Pater Cristobal blieb stehen und blickte über das Camp. »Ein freundlicher Empfang«, sagte er sarkastisch.
»Vorsicht und Mißtrauen sind hier das halbe Überleben, Pater.« Der Bärtige zeigte auf die Hütten. »Dort, die vierte vom Eingang, das ist sie. Dort wohnt meine Frau. Erschrecken Sie nicht.«
»Warum?« Dr.

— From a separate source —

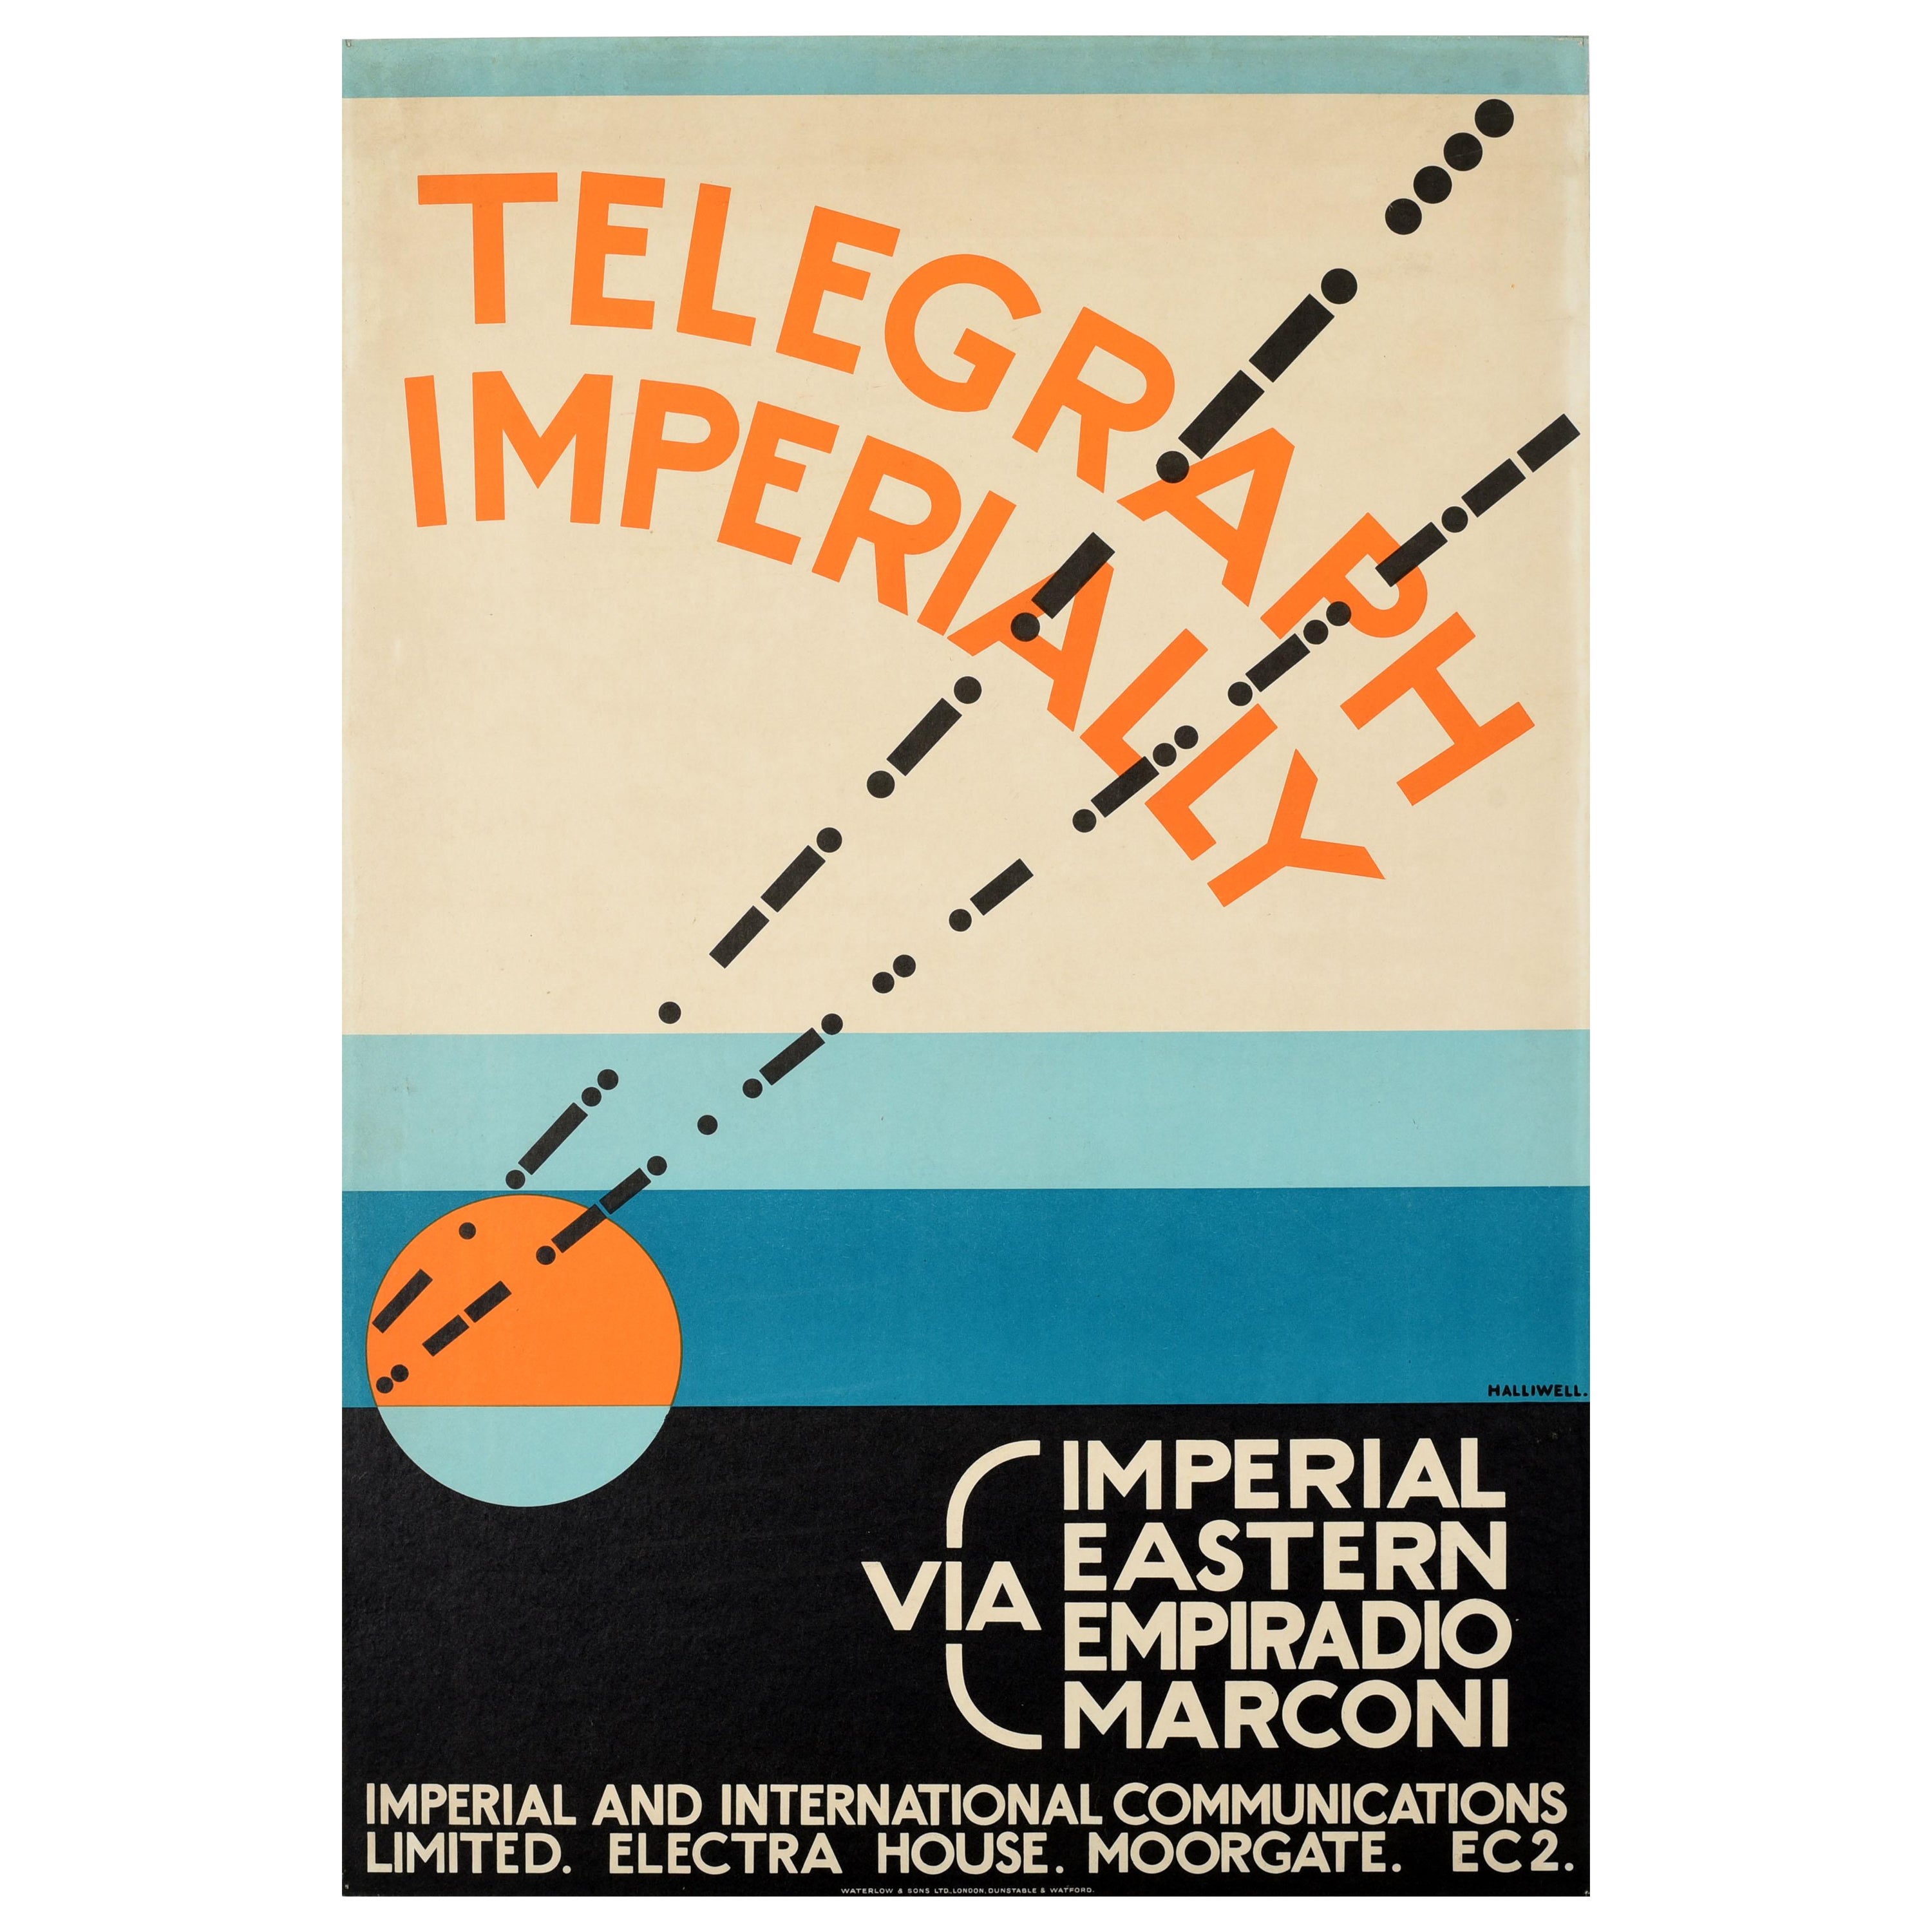 Original-Vintage-Werbeplakat Telegraph Imperially Marconi, Art déco-Design

Mohr stellte seinen schweren Metallkoffer ab. »Noch eine Überraschung?«
»Meine Frau ist ein Kind.«
»Was?«
»Nach zivilisierten Begriffen.« Der Bärtige zerrte wütend an seinem offenen Hemd. »Jetzt glotzen Sie mich nicht wie einen Lustmörder an, Doctor! Meine Frau ist 15 Jahre alt. Sie kommt aus dem Stamm der Chibcha-Indianer. Da gelten andere Gesetze. Dort ist ein Mädchen mit 12 Jahren schon heiratsfähig! Fragen Sie mich jetzt nur noch, warum ich so eine Junge genommen habe! Was hier an Weibern herumwieselt, ist entweder schon verheiratet oder Großmutter. Die anderen sind verdammte Huren, die in den Bergen herumziehen und mit gespreizten Beinen Smaragde sammeln. Ein gutes Geschäft, sage ich Ihnen! Diese fliegenden Puffs werden, wo sie auch hinkommen, gefeiert, als brächten sie die kostbarsten Geschenke mit! Ich weiß, das tut weh, Pater, aber es ist die Wahrheit. Sollte ich mir so eine nehmen? So ein Pflanzbecken? Da lernte ich Chica kennen. Ihre Familie war auf der Flucht. Ihren Vater hatten sie gerade erschlagen, weil er nicht wußte, wo es Smaragdadern gibt. Denn seit der Zeit der Konquistadoren gelten die Chibcha-Indianer als die besten Kenner der Smaragdvorkommen. Damals wurden Tausende zu Tode gefoltert, übrigens, Pater, das ist interessant, mit Billigung der Kirche und zum Wohle Spaniens. So kamen die Eroberer in die Kenntnis der Minen. Und das spukt auch heute noch in den Gehirnen herum: Wenn man einen Chibcha erwischt, heißt es immer: Wo liegen die Adern? Die grünen Adern? Mistkerl, du weißt es ganz genau! Oft endet es wie bei Chicas Vater … man erschlägt ihn, obwohl er wirklich nichts weiß. Also, Chicas Mutter und eine noch jüngere Schwester waren auf der Flucht. Sie lebten, als ich sie bei einer Jagd aufstöberte, wie Tiere in Erdhöhlen. Sie schrien nicht, sondern neigten ihre Köpfe vor, stumm und ergeben: Komm, weißer Mann, schlag uns endlich tot! Ich habe sie in dieses Camp mitgenommen und ihnen die Hütte gebaut. Als sie fertig war, kroch Chica in der Nacht zu mir. Sie wollte mir danken. Und das einzige, was sie mir als Dank geben konnte, war ihr herrlicher Körper. Hätten Sie nein gesagt? Wenn Sie das jetzt bejahen, sind Sie ein erbärmlicher Heuchler! Und noch eins: Ich bin glücklich!«
»Gehen wir!« sagte Dr. Mohr stockend. »Sonst lassen die da drüben wirklich noch die Hunde los, weil sie nicht wissen, wer da zwischen den Bäumen steht …«
»Das haben wir gleich!« Der Bärtige legte die Hände vor den Mund und stieß einen röhrenden Schrei aus. Einer der Greise am Eingang des Camps antwortete ihm und winkte mit dem Arm. Alles klar! Der Junge ließ den Zwingerriegel los und rannte zur nächsten Hütte, wo er hinter einem Holzstapel verschwand. Die Hunde gebärdeten sich noch wie toll, aber einige Türen öffneten sich, Frauen und Kinder liefen ins Freie und nahmen ihre Arbeiten dort wieder auf, wo sie unterbrochen wurden. Die meisten verschwanden in den Ställen, die an die Hütten angebaut worden waren, um die Schweine zu versorgen.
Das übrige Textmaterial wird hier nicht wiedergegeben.